Двери столовой грюкнули, и любопытный Сашкин нос, высунувшись из проёма, внимательно обвёл коридор и остановился на Витьке.

— А! Вот он где! А мы его ищем! Чего сидишь тут? — в два шага Шпала подскочил к Виктору.

— Жду компот, — развёл парень руками, с ужасом косясь на столовую, где звенели алюминиевые ложки.

— Та ладно тебе! — Саня хлопнул его по спине. — Пошли, а то нам с Эмкой скучно там.

Витька нехотя поднялся и поплёлся за приятелем.

— Ну чего там, родители принесли тебе что-нибудь похавать?

— А то… Дождёшься от них, — иронично заметил Виктор, с досадой оглядев зал столовой, полный печальных лиц, с неохотой и грустью смотрящих в тарелки.

Эмка попыталась разрядить скучную обстановку:

— Витька, приходи сегодня, ещё разок в картишки сыгранём. Меня Саня научил паре секретов!

— Разбежались, — парень отрицательно поводил указательным пальцем. — Нашли дурака. Я по глазам вижу, что вы махмадерить собрались.

— Ну вот, — девчонка хлопнула ладошкой по столу. — Если Димка не явится, что ж, нам вдвоём с Сашей играть? Инга не захочет…

— А где она, кстати? — спросил Витька, разом забыв о карточной теме.

Эмма пожала плечами.

— В палате, — ответил за неё Шпала. — Надо оно тебе, Витёк? Это прескверная девчонка. Все недостатки твои перечислит, не боясь, как будто держит в кармане запасную челюсть. Базар надо фильтровать. А то мало ли что мне не нравится, я ж не говорю.

Виктор ничего не сказал, но подумав несколько минут, насупился и фыркнул.

— Ну а она говорит. Честь и хвала.

— Что ты несёшь? — зевнул Шпала. — Вирус, что ли, до мозгов добрался?..

Парень подпёр голову. С Сашкой и Эммой было весело, но говорить плохо об Инге он не хотел. И нашим, и вашим жить сложно, он это прекрасно понимал: нельзя находиться постоянно меж двух огней. Всё-таки надо было принимать чью-то сторону, пусть и негласно. Виктор отстучал пальцами дробь на столе и понял, что о компоте уже и думать забыл. Он молча поднялся и вышел из-за стола.

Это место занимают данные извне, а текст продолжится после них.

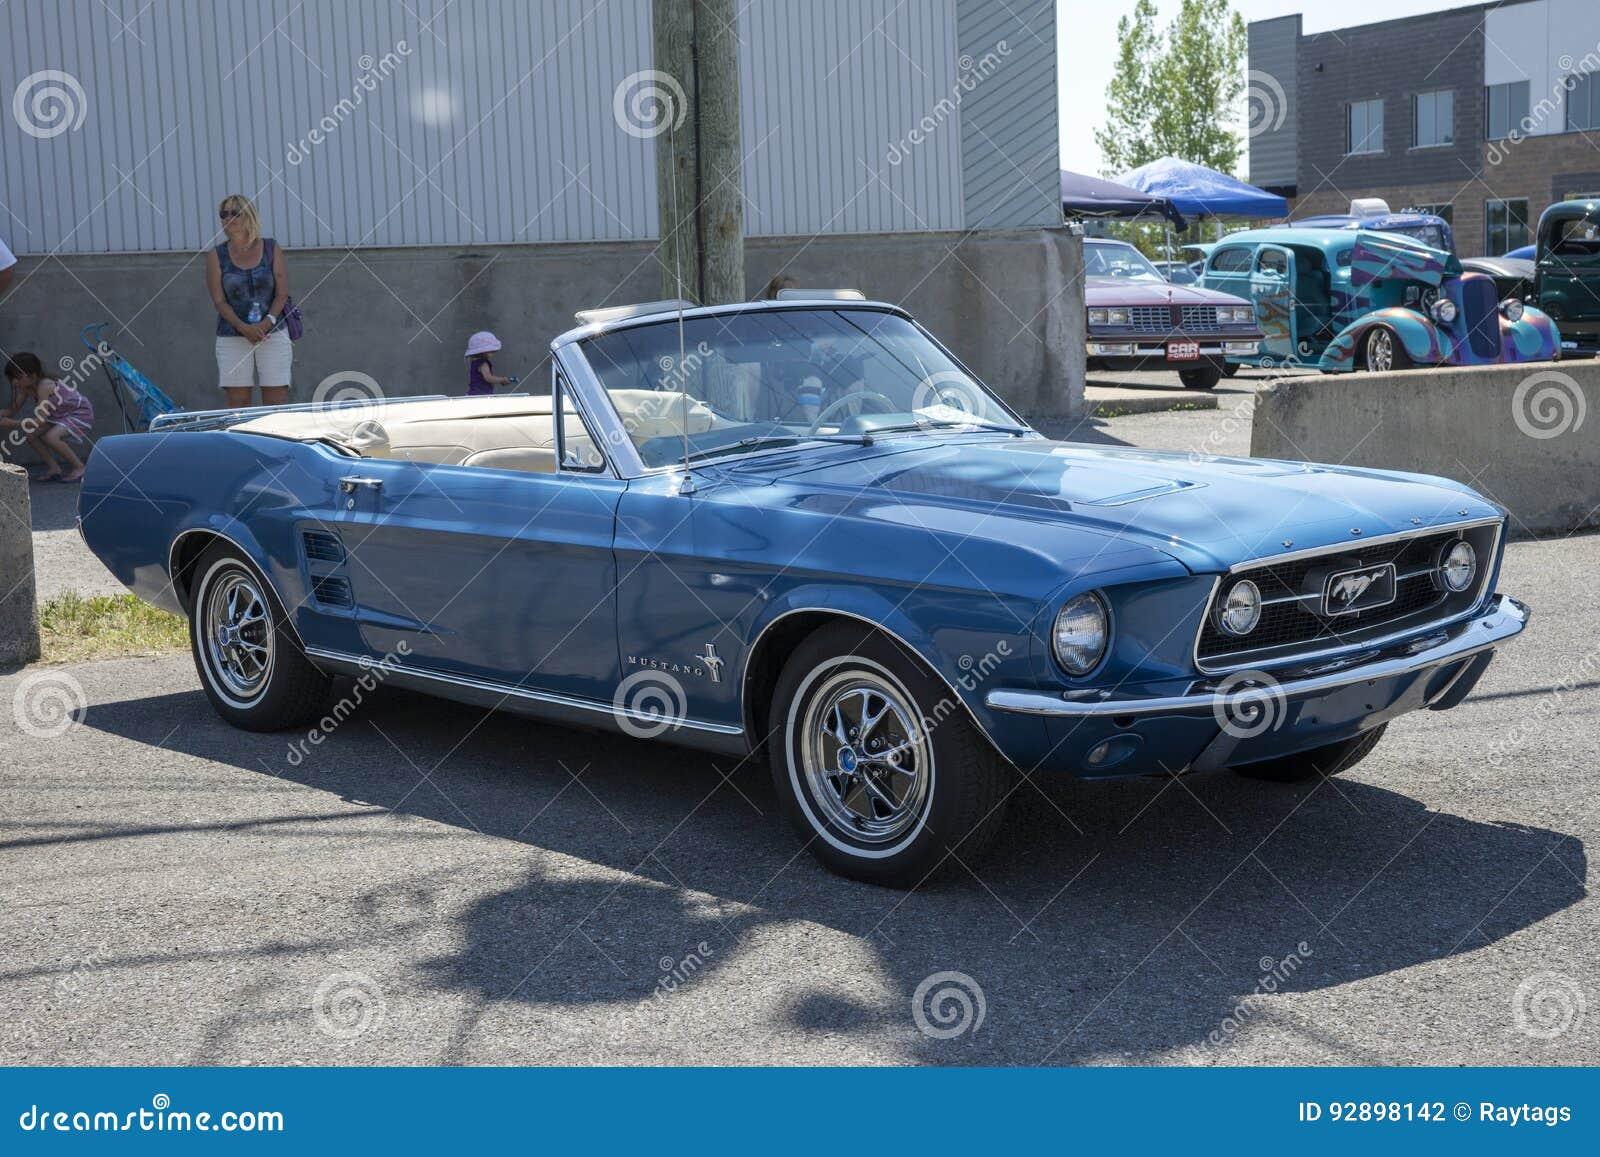 Convertible 1967 Do Mustang Fotografia Editorial Imagem De 1967 Convertible 92898142

Виктор покинул приторно-горелую атмосферу столовки. Завидев в коридоре вальяжно прохаживающегося Тимофея, мальчишка поздоровался; врач снисходительно кивнул, на удивление, не сказав ничего язвительного, и Витя пошёл дальше вдоль бело-зелёных стен.

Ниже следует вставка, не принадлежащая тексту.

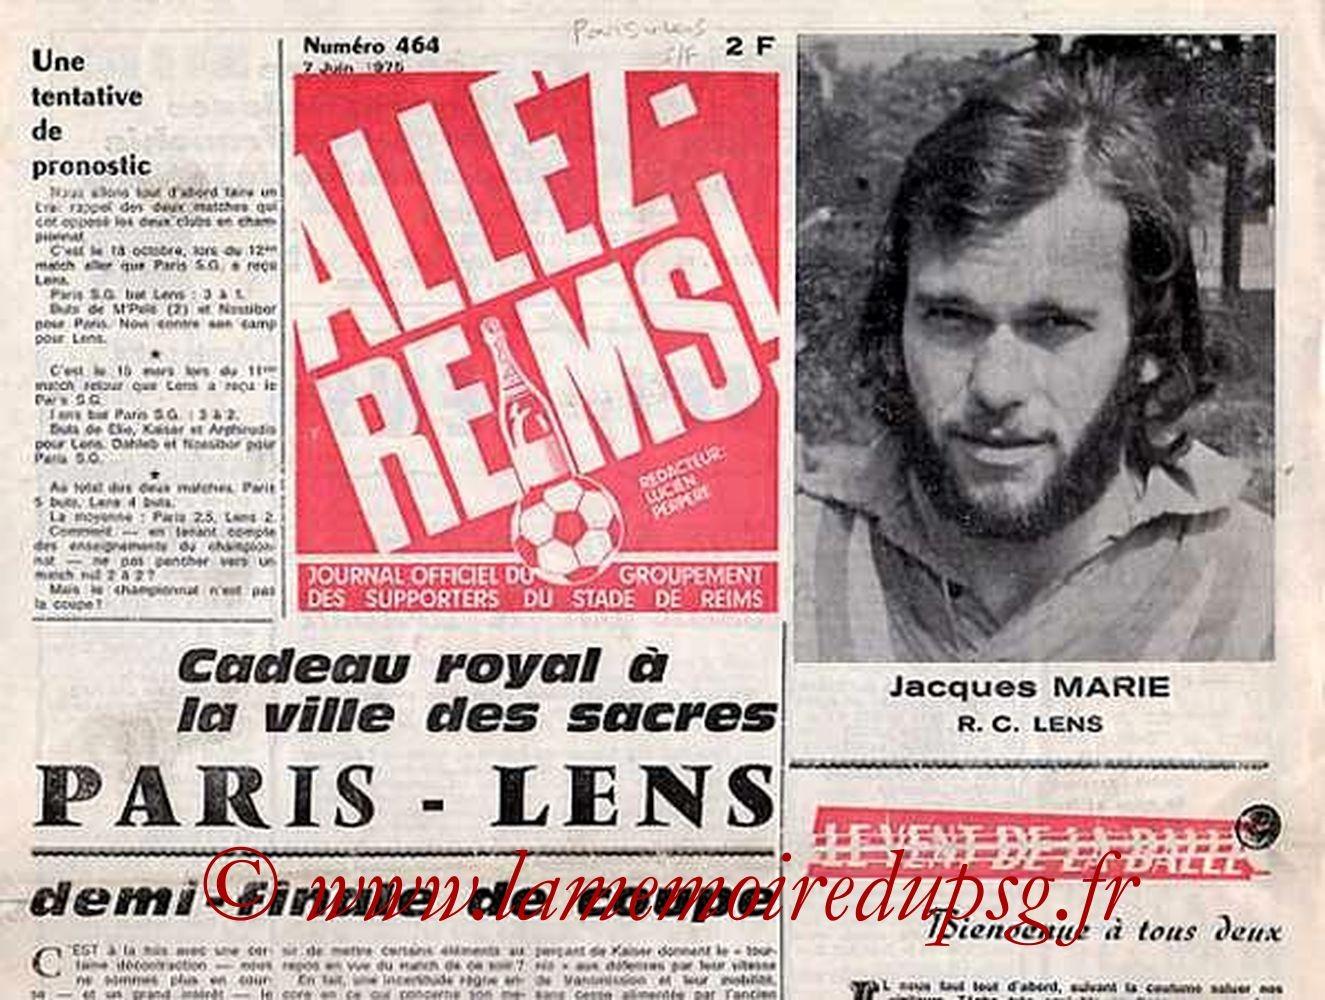 1975-06-07  PSG-Lens  (Demi Finale CF à Reims, Allez Reims N°464)

Неисправная лампа почти перегорела за прошлый вечер и теперь только тускло мерцала, еле-еле поскрипывая, как старая дверь.

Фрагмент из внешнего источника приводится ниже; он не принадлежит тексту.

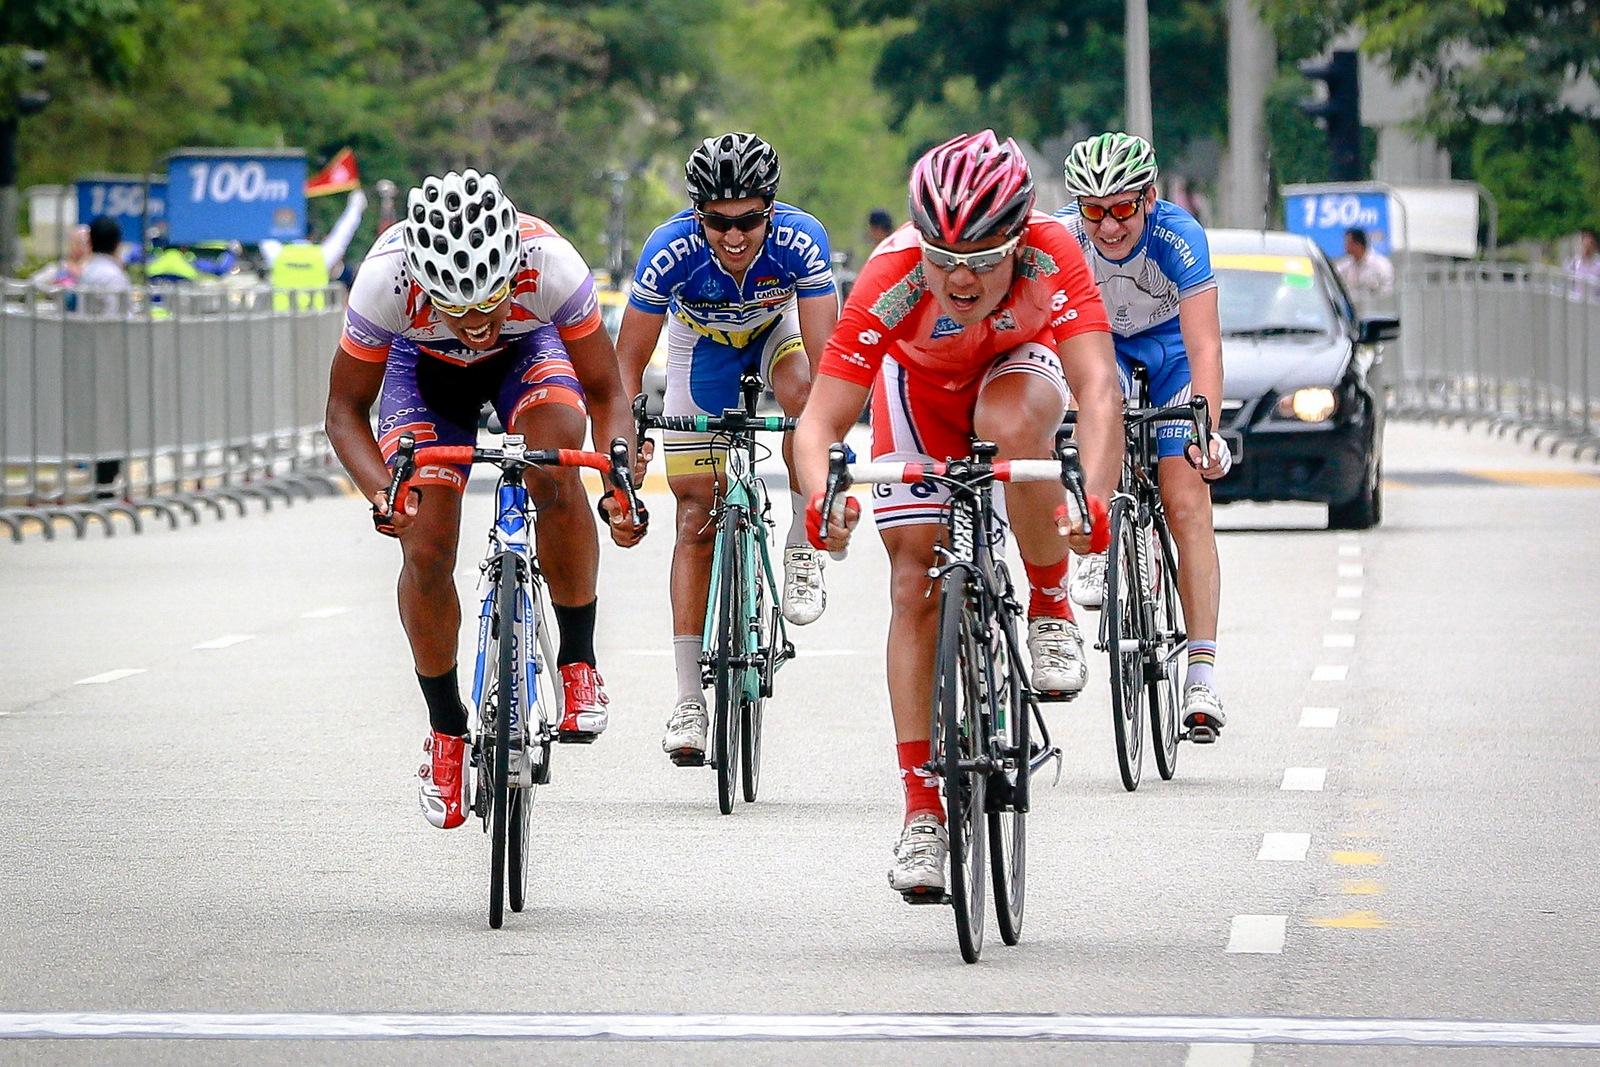 Jelajah Malaysia 2014 - Stage 4

Проскочив мимо ординаторской, Витька, постучав, заглянул в восьмую палату. Увидев его, Инга мило улыбнулась, и мальчишка смело вошёл. Несмотря на то что шторы были отдернуты, помещение казалось пасмурным и прохладным, так как утренняя сырость, поднимаясь с земли, норовила просочиться через щели в раме.

— А я-то думаю, чего это ты завтрак прогуливаешь… — протянул парень, усаживаясь на другом конце кровати. — Вчера меня такой иголкой пришили, сегодня тебя.

Девушка сидела по-турецки, одетая во всё в ту же большую клетчатую пайту, и к её руке тянулась трубочка от капельницы.

— Тромбоциты поднимаем, — будто оправдываясь, сказала она, взглядом указывая на штатив.

— Что-то читаешь? — Витя заметил небольшую стопку книжек на тумбочке.

— Не столько читаю, сколько учу. Уроки. И так ведь школу пропускаю, надо хоть что-то делать.

— Ладно, а то я уж было испугался. Думал, ты стишо-очки читаешь, — съехидничал Витя, недовольно взглянув на томик.

— В стихах есть что-то плохое?

— Они не похожи на жизненную речь. Обычное жеманное рифмоплетство. Я не воспринимаю! Не могу это читать. Не люблю.

Девушка с лёгким удивлением закусила нижнюю губу.

— Представляю, какая чушь тебе попадалась, если ты так думаешь. Или ты просто никогда не вчитывался.

— Да делать мне нечего… Но ты больше понимаешь. Я не по этим делам. Закроем тему? — с лёгким раздражением оборвал Витя. Не хватало ему ещё заговорить о поэзии.

— Ладно-ладно. Я ж не стану рассказывать твоим друзьям, что мы беседовали, о ужас, о стихах! — будто прочитав его мысли, с иронией заметила девчонка. — У вас ведь это признак чего? Ботанизма?

— Слушай, хорош умничать. Разыгрываешь из себя сильно взрослую и сильно умную? — не став отвечать на вопрос, язвительно произнёс Витька.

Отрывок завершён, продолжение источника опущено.